▶ _Work item_: When writing out the entries below, keep only the lines from the line with "Пулеметы и ракеты: Украина" to the line with "Resultado da segunda", both included, exactly as they are, and leave the pictures aside.

▶ _Records for the exercise_:
**********

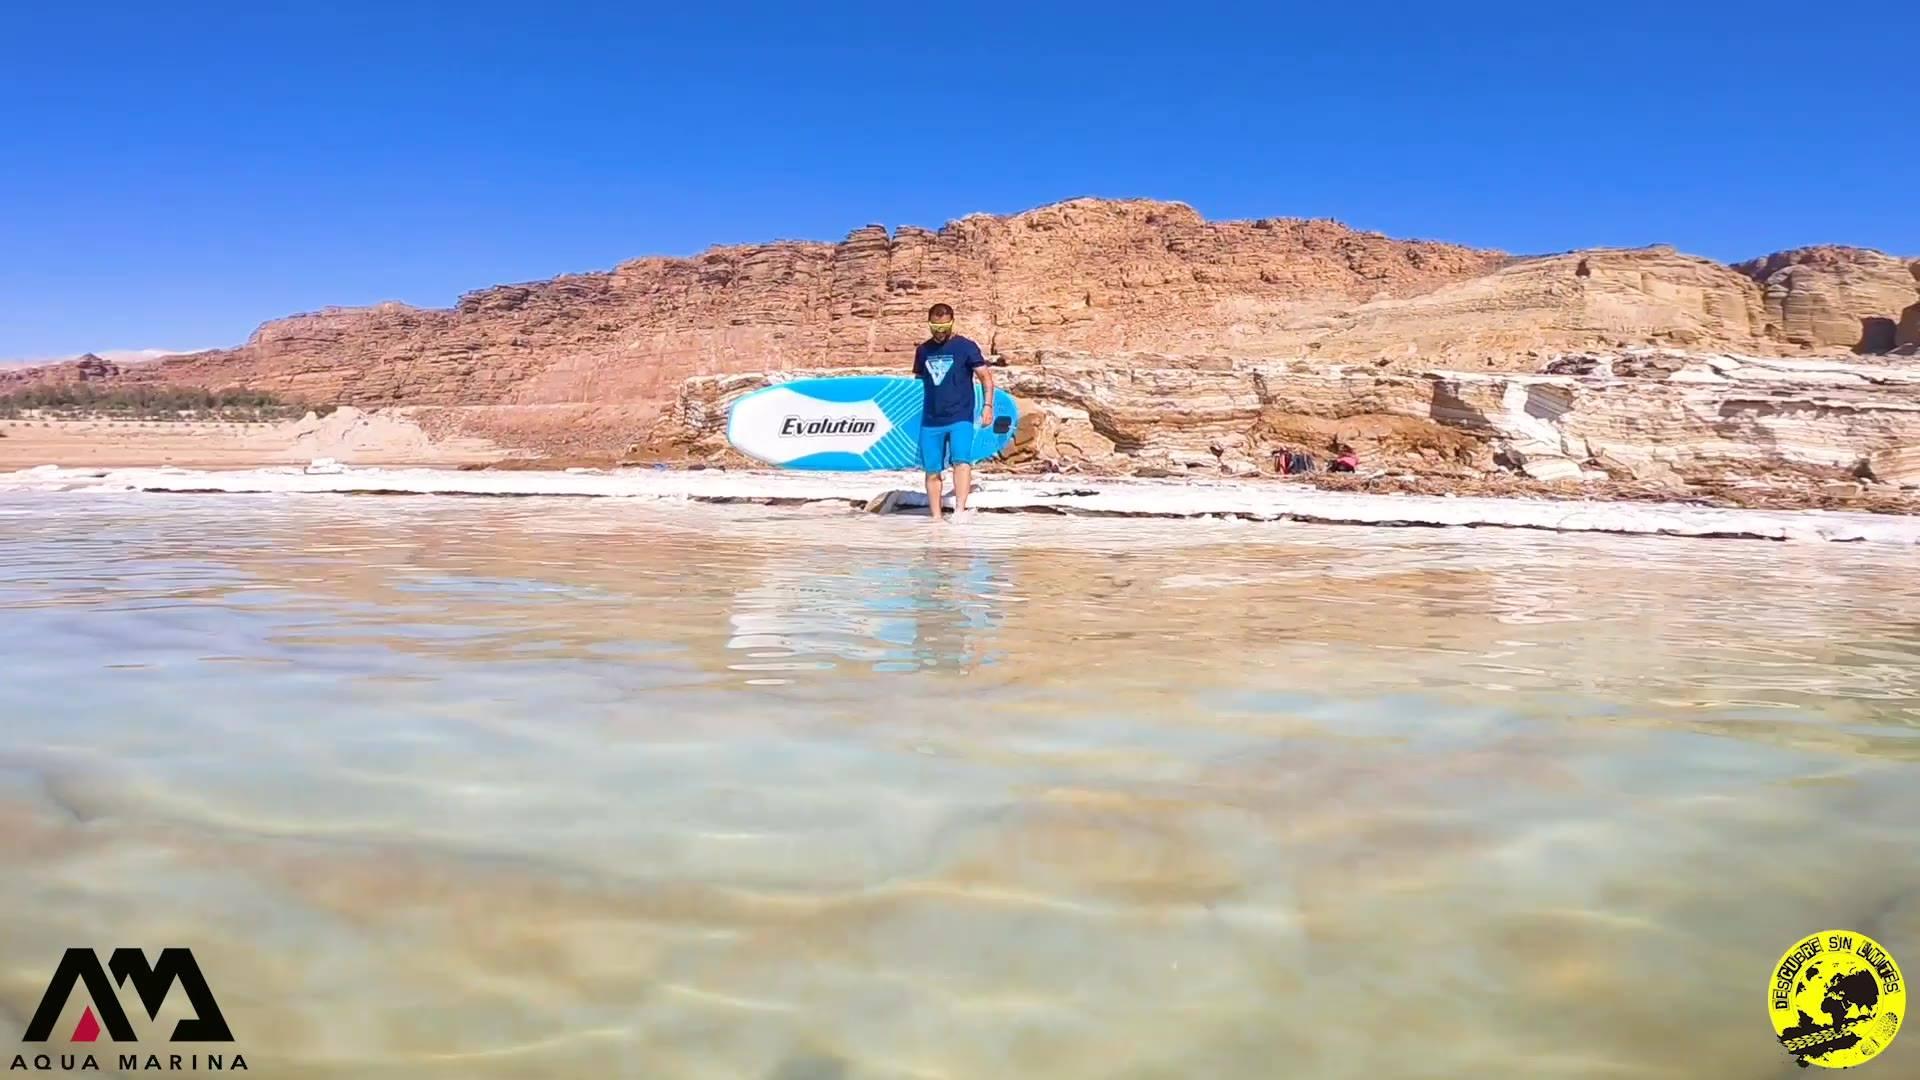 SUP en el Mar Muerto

**********

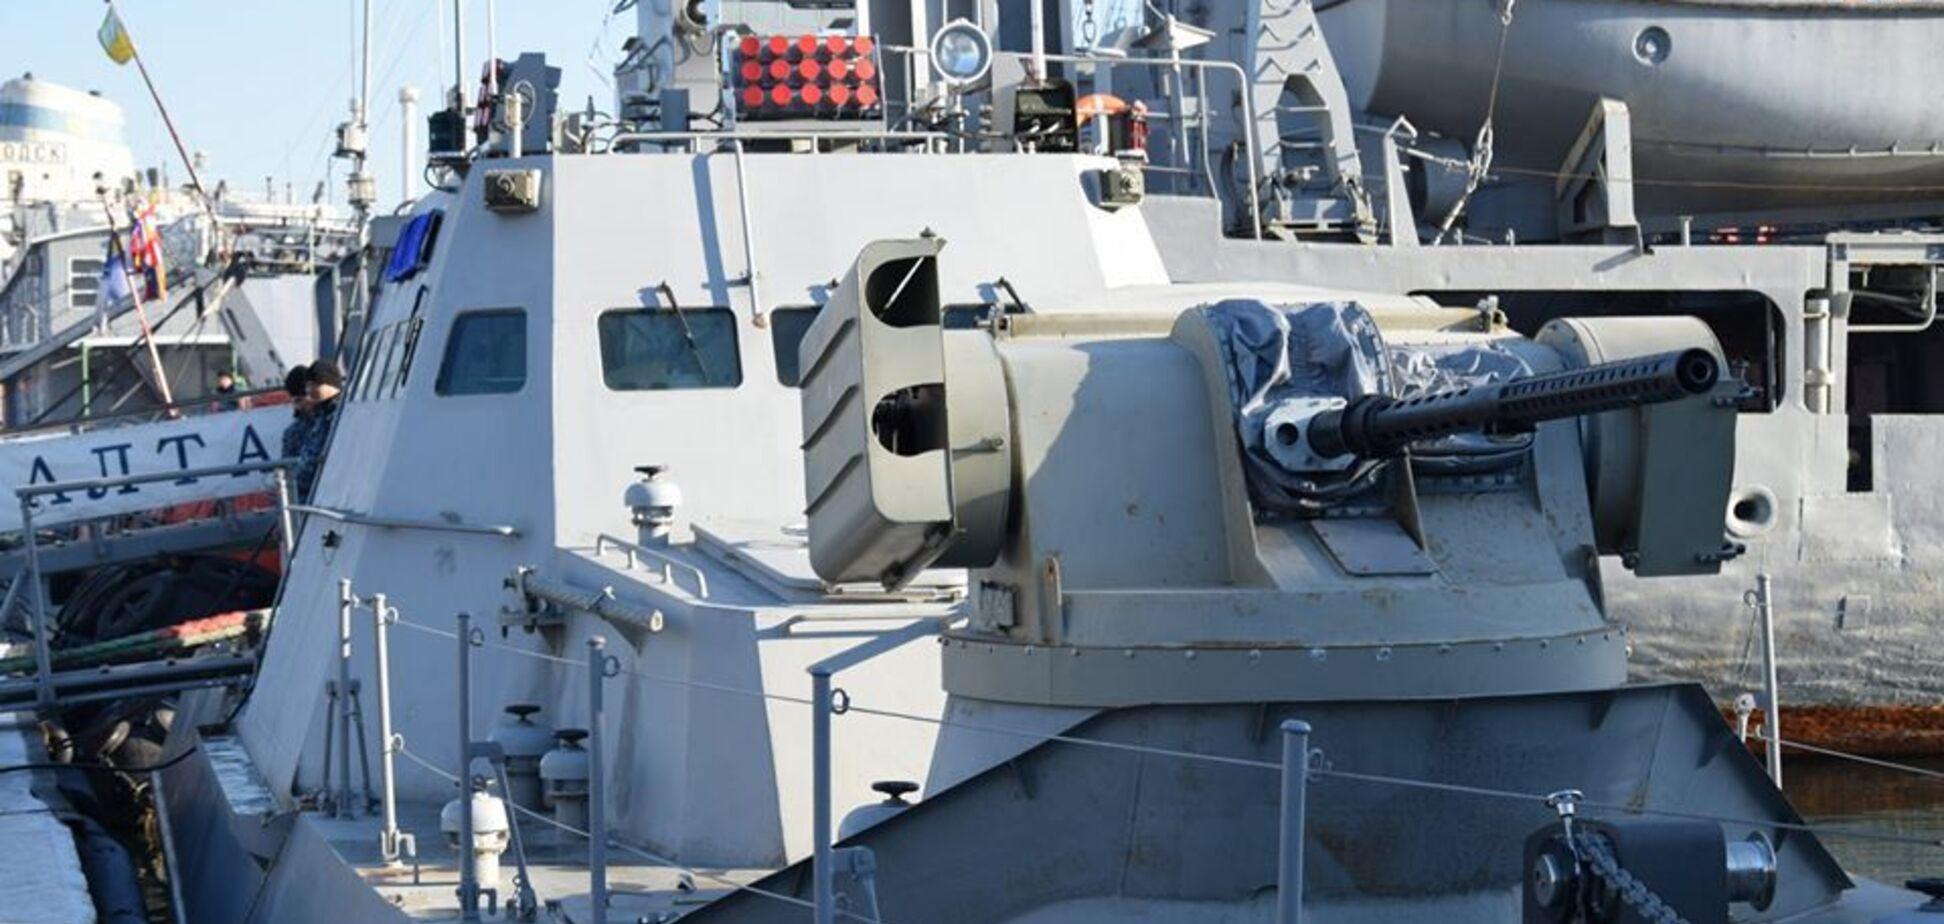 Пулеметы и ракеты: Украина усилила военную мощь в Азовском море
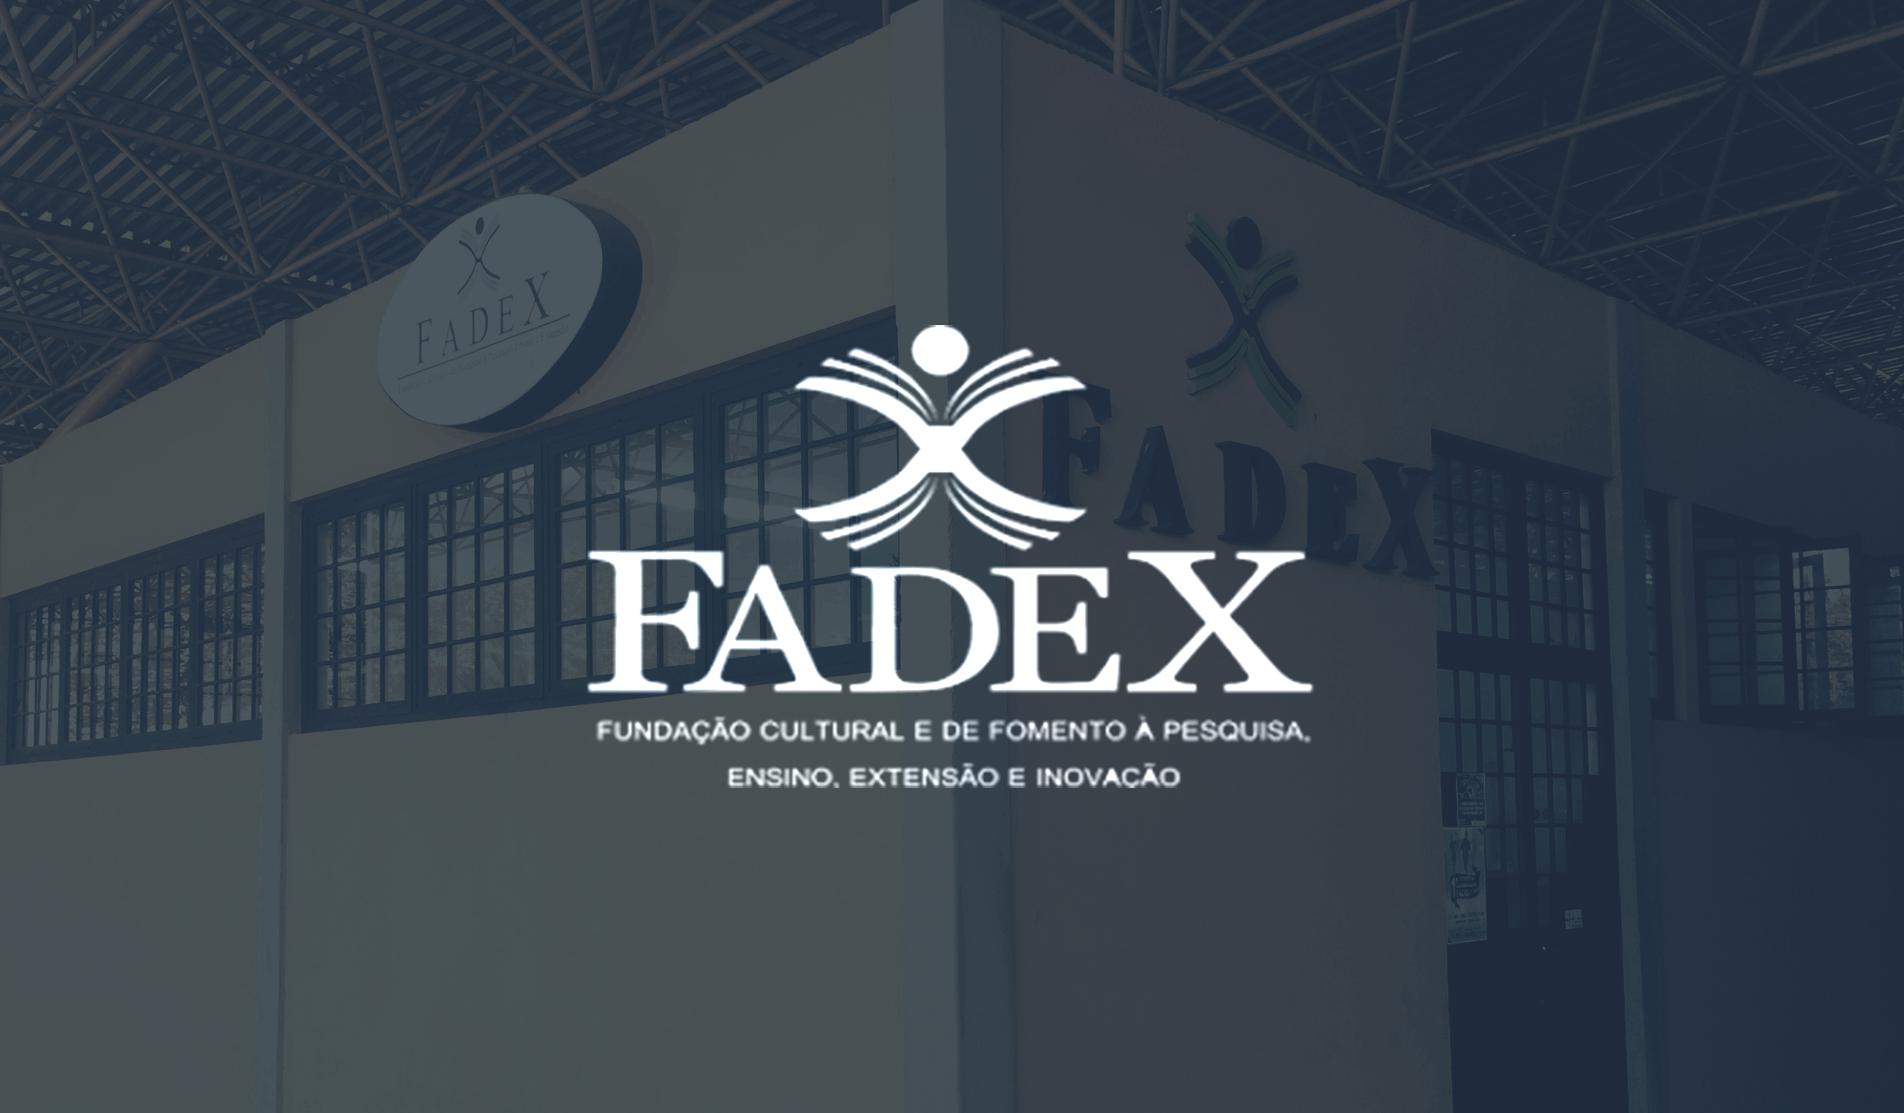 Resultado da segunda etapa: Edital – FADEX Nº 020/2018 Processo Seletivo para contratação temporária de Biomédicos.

**********

▶ _Answer to this problem_:
 Пулеметы и ракеты: Украина усилила военную мощь в Азовском море
 Resultado da segunda etapa: Edital – FADEX Nº 020/2018 Processo Seletivo para contratação temporária de Biomédicos.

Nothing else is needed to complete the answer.